Telecom equipment maker Alcatel-Lucent reportedly plans to reduce its staff by 10,000 as part of a cost-cutting drive to save €1 billion (A$1.4 billion) by 2015.
The group, which employs 72,000 staff worldwide, will axe 15,000 posts but create 5000 new jobs, the Les Echos and Le Figaro newspapers reported.
The company intends to cut 900 net posts in France, or roughly 10 percent of the domestic workforce, as well as closing sites at Rennes and Toulouse, and selling plants at Eu and Ormes.
The cuts will reportedly hit all regions, with 4100 planned in Europe, the Middle East and Africa, 3800 in Asia, and 2100 in the Americas.

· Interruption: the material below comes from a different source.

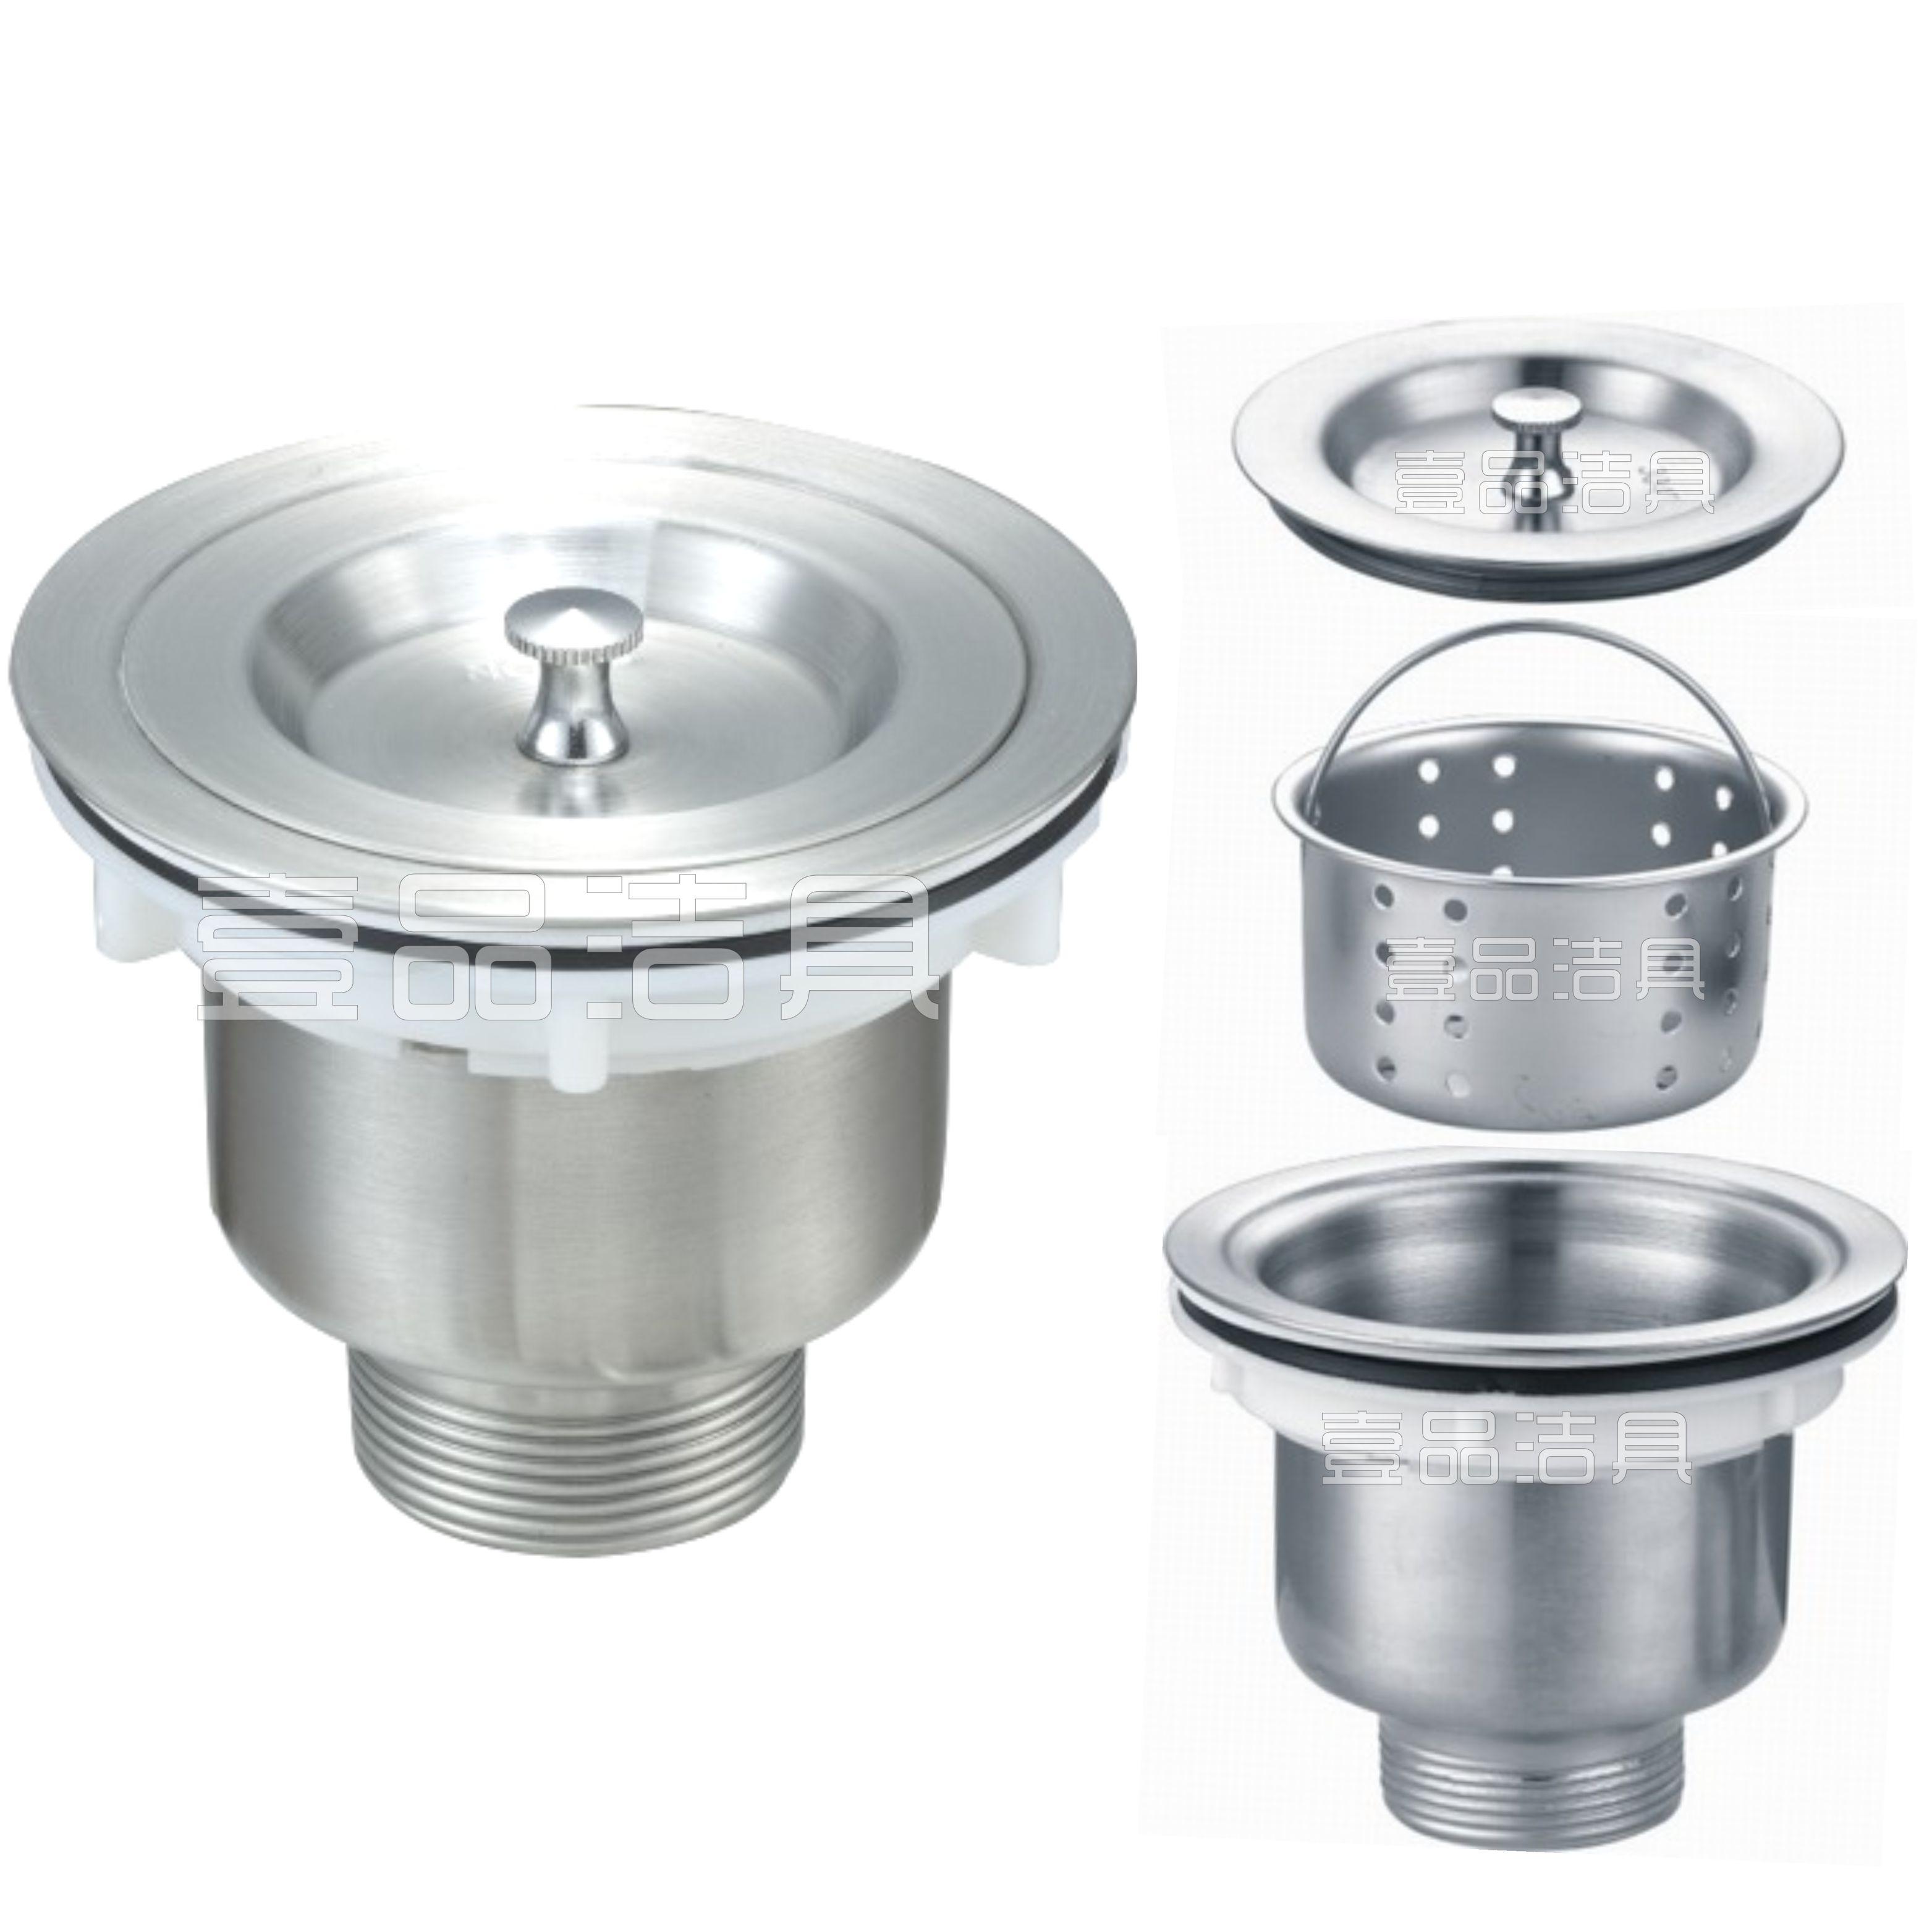 Tanque de agua de la cocina, fregadero de acero inoxidable de drenaje de agua de lavar los platos al paquete completo de correo

A spokeswoman for Alcatel-Lucent declined to comment.
The cuts are part of an effort by Michel Combes, who took the helm of Alcatel-Lucent in April, to streamline the company to focus on fewer products so as to reverse losses.
The group, which competes with larger rivals Ericsson, Huawei and Nokia, has posted five straight quarters of net losses.
Last year it swung to a net loss of €1.2 billion - the biggest since 2008 - largely because of a writedown on its mobile unit and restructuring costs from an earlier plan to lay off 5000 workers.
Combes, who used to run telecom giant Vodafone's European businesses, is the third CEO to try to right Alcatel. He said in June when announcing his turnaround plan, which also calls for €1 billion of unspecified asset sales by 2015, that the group needed to bring its cost structure in line with peers.
The layoff plan is the latest in a series at Alcatel-Lucent. In autumn 2012, it announced moves to trim 5000 workers from its base of 76,000 at the time, with the heaviest burden falling in France.